If ocean temperatures and ocean acidity continue to rise in Australian waters at the same pace as has occurred over the past 100 years, the Great Barrier Reef will be in significant danger by 2050.

See also Skeptical Science.

“Unstoppable effects” of climate change will last for 1,000 years

New research indicates

the impact of rising CO2 levels in the Earth’s atmosphere will cause unstoppable effects to the climate for at least the next 1000 years, causing researchers to estimate a collapse of the West Antarctic ice sheet by the year 3000, and an eventual rise in the global sea level of at least four metres.

It is based on best-case, ‘zero-emissions’ scenarios constructed by a team of researchers from the Canadian Centre for Climate Modelling and Analysis (an Environment Canada research lab at the University of Victoria) and the University of Calgary.

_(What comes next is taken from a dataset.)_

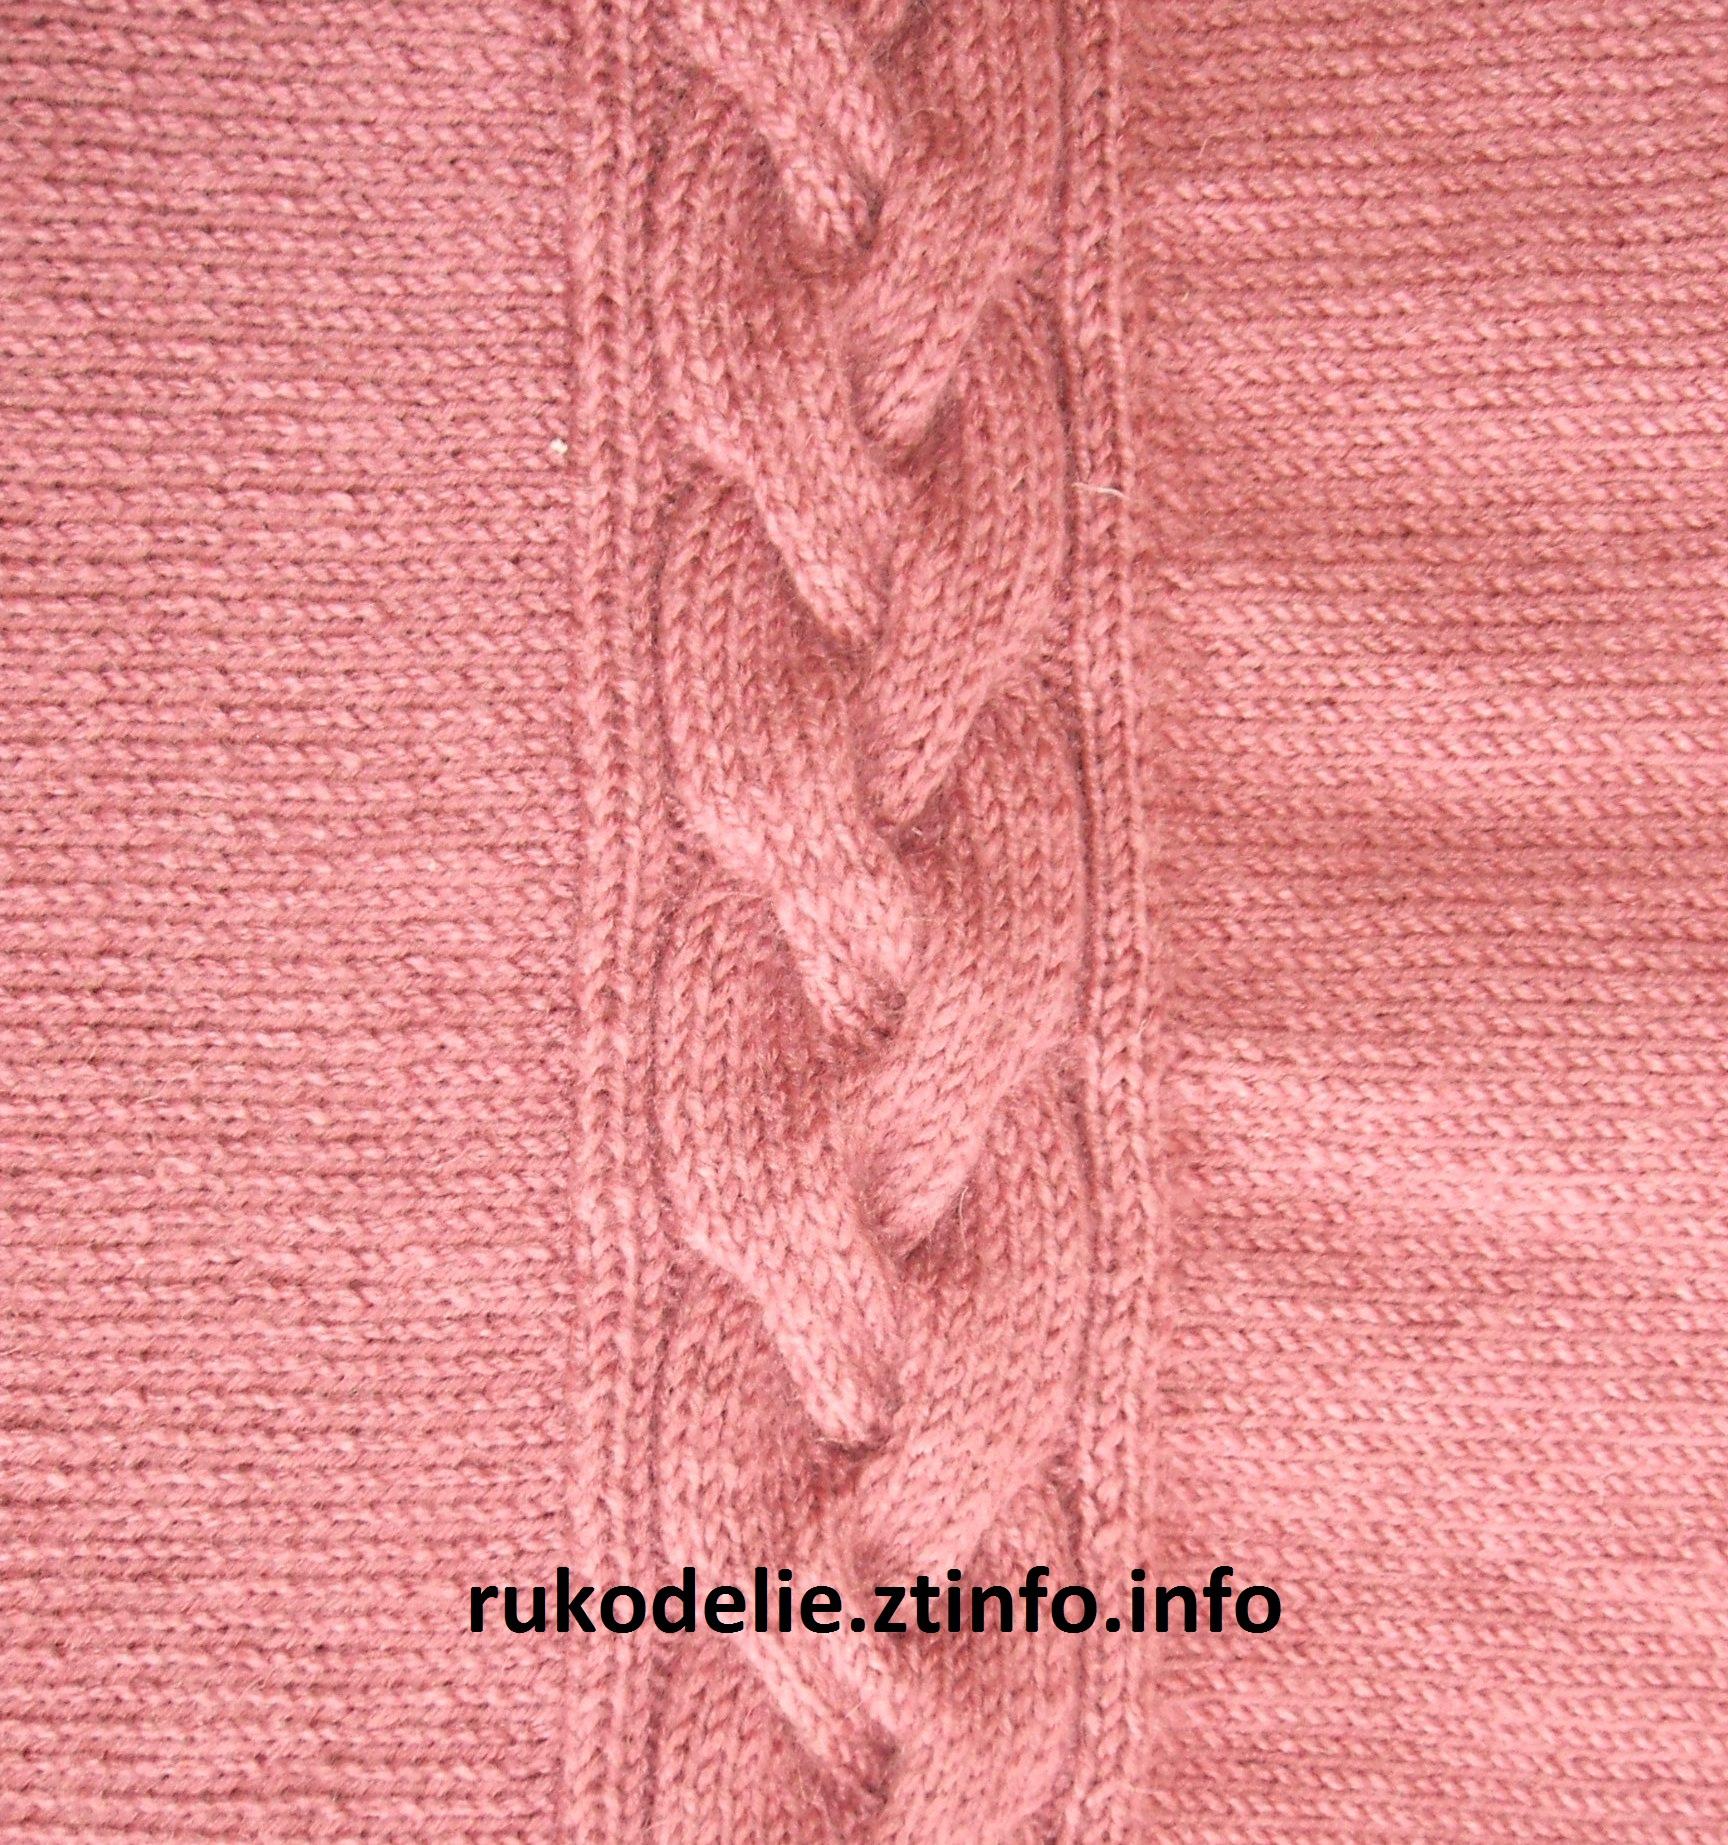 Схемы вязания крючком грелок на
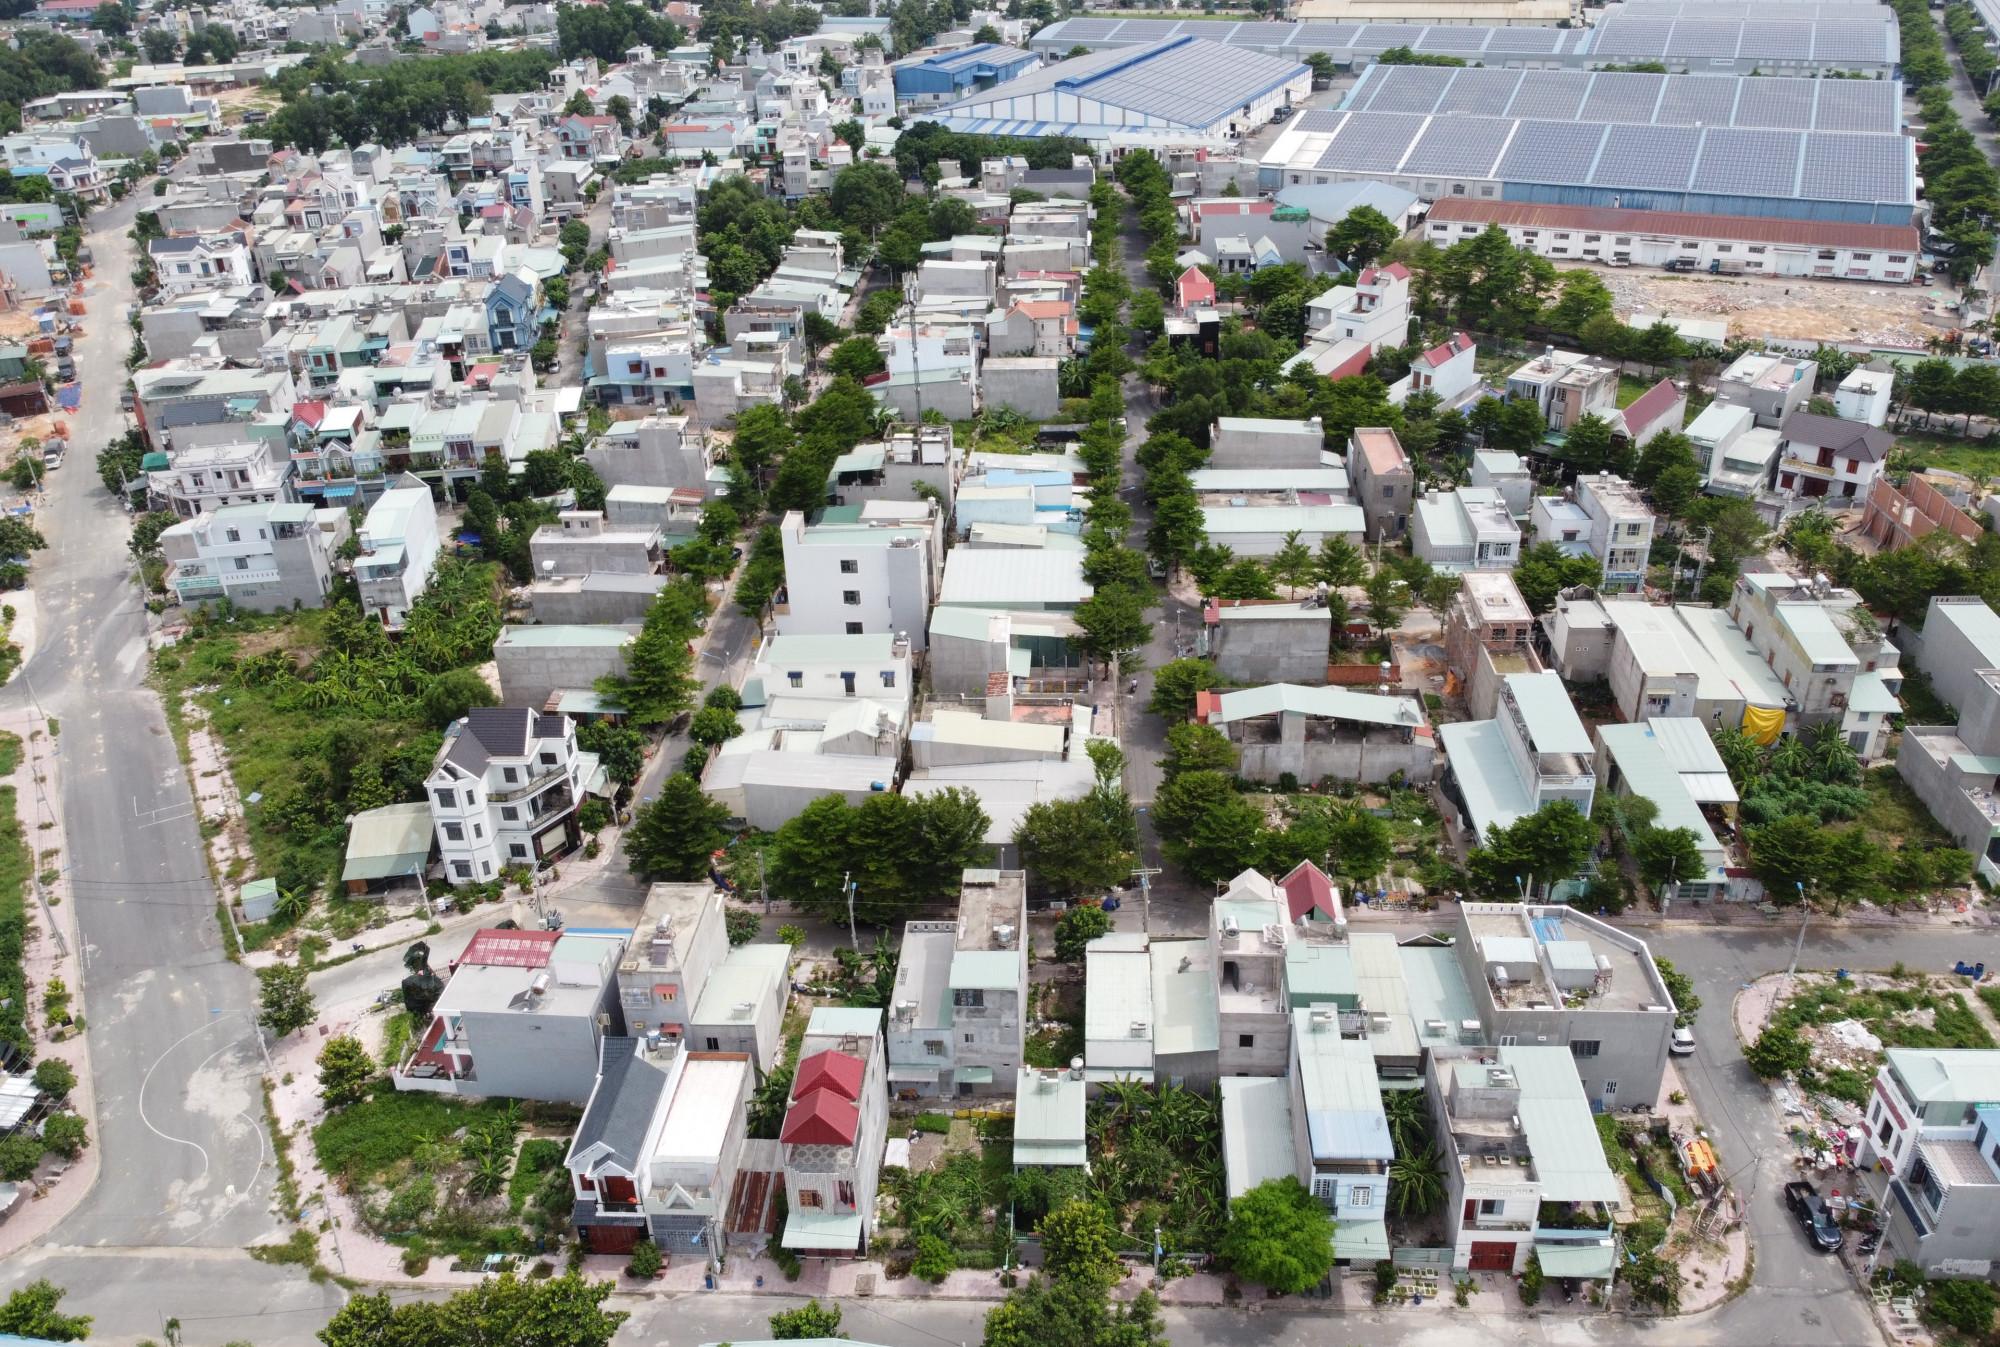 dự án Khu nhà ở Đất Mới phải đầu tư xây dựng cơ sở hạ tầng hoàn thiện và xảy dựng nhà ở để bán, nhưng Công ty đã chuyển nhượng hết đất nền

Creeping tide set to drown our coast

That’s according to according to Professor John Cole of the University of Southern Queensland’s Centre for Sustainable Business and Development.

He says a federal government report released just before Christmas points to rising sea levels and severe cyclones and tidal surges continuing to pound Queensland, threatening the economic prosperity and beach culture of many communities.

The report, Climate Change Risks to Australia’s Coast, prepared by a panel of scientists, provides the first national assessment of the threats from rising sea levels.

Erosion from rising sea levels poses a threat to beaches at the heart of the tourism industry, which directly or indirectly employs 220,000 Queenslanders and injects $9.2 billion a year into the economy.

Actually, the report has been around for a while, but in case you missed it:

Up to $63 billion worth of residential property faces inundation, as well as 120 ports, some airports – including Brisbane and Sydney – and 1,800 bridges.

Greenland tipping point approaches

There are various processes in train in the melting and decay of the Greenland ice sheet, which all appear to be accelerating. If we keep to our current course, and that means implementing agreements made at Cancún, ice dynamics could take over after reaching a tipping point in about 30 years.

After that nothing will prevent the ice cap from eventually vanishing entirely.

How to fix global warming

Joe Romm at Climate Progress has had a new look at how to stabilise at 350 to 450ppm. Looks more like 450ppm to me.

Humanity has only two paths forward at this point. Either we voluntarily switch to a low-carbon, low-oil, low-net water use, low-net-material use economy over the next two decades or the post-Ponzi-scheme-collapse forces us to do so circa 2030.

If we take the first option we save our progeny a lot of grief.

He’s identified 12-14 wedges we need to implement over the next four decades starting ASAP.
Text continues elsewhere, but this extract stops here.